In terms of NAFTA, losing market access to Mexico would be a major blow to the U.S. dairy sector.

In the foreseeable future, we are going to see continued consolidation. If you do decide to act and implement some activities in this legislative session to help this sector, my recommendation would be to focus on those struggling dairies that nevertheless have a bright long-term outlook and maybe just need a helping hand to weather this crisis. We are going to see a number of dairy farmers that are no longer competitive, and the sooner they exit the sector, the more equity they will preserve. We will be doing them a disservice by offering some handouts that would prolong their hope, but really, there is nothing there to hope for.

The market has changed. Minnesota will continue to have a thriving milk production. Unfortunately, the sector has changed, and many of the current dairy producers will not be able to survive in that environment."

When asked what a 'dairy with a bright future' looks like, Bozic replied, "I would hope I'm not the one who picks winners and losers. However, maybe this is a framework to think about these issues. Over 100 years ago, dairy producers came together and decided if they wanted to sell their milk on the East Coast, they should not do it alone. They should come together. Land O' Lakes was formed, and they shipped butter.

In today's economy, the capital need to build a dairy with sufficient economies of scale to be competitive is in the order of $30 to $50 million. Not a single family, or very few families, can muster that type of capital of their own.

What we need to encourage are new business models that bring multiple families together to form new partnerships and new business models that, maybe, not just two brothers or a few family members coming together, but maybe 10, 12, maybe 15 families bringing their financial wherewithal together to be competitive.

We see examples of such business models in Minnesota, as well as in Wisconsin and in other states.

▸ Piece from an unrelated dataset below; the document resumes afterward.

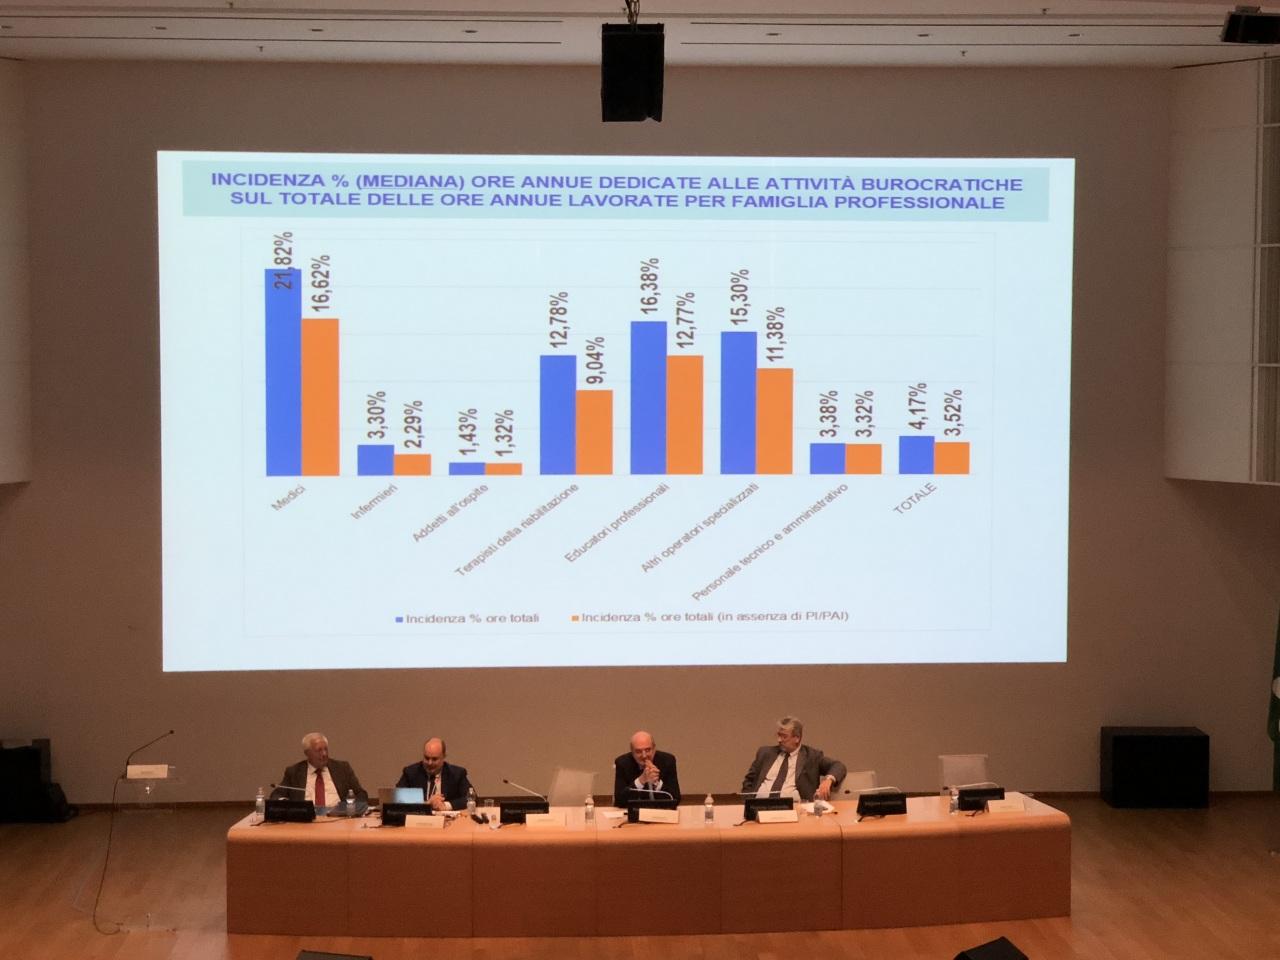 Migliorare la burocrazia per migliorare le cure agli anziani: l'eccellenza lombarda al centro del confronto fra addetti ai lavori

Our prime example in Minnesota is Riverview, LLC, with over 350 partners. Very few of them would be competitive on their own, but because they came together, they are a powerhouse.

As of January 1, rBST is no longer being used in Minnesota. The consequences that we may see over the next few quarters is slightly lower milk production statewide. We can't see what influence that will have overall. Dairy coops expect to be up 1 to 2 percent year over year instead of a half percent with use of it."

In terms of the trade war with Canada, Dr. Bozic said, "Canada is a fortress, however, they've been short of milk - in the last 5 years they've been importing fluid milk from Wisconsin and the Northeast. They've had more domestic milk recently. They haven't done that to injure us, but they've seen different demand for milk. They've increased production.

It used to be, if you create wholesome milk, there would be a home for that milk. On April 1, 2017 - processors in Wisconsin sent letters to their patrons who said "we don't have a home for their milk" - then on May 1 they said the farmers were on their own."

Senator Westrom asked, "When you say 'don't prolong the inevitable for others', what do you mean? What can the state do to help dairies weather the storm? What are some constructive ideas?"

Dr. Bozic replied, "I can offer advice and analysis - but I don't want to advocate for different expenses of taxpayer money. I do believe that some help in forms of guarantees for loans, or creative financing options. They should be designed in concert with Minnesota Milk and other trade associations' - I understand that Minnesota Milk will convene a group of bankers to ask for input in designing legislative proposals that will be brought before this body in just a few short weeks."

"Unfortunately, for smaller dairies, the business model is no longer viable. If we can communicate that gently but still firmly, and not even as your job, but unfortunately, my job, as an educator, their families would be better off. They'd preserve more equity."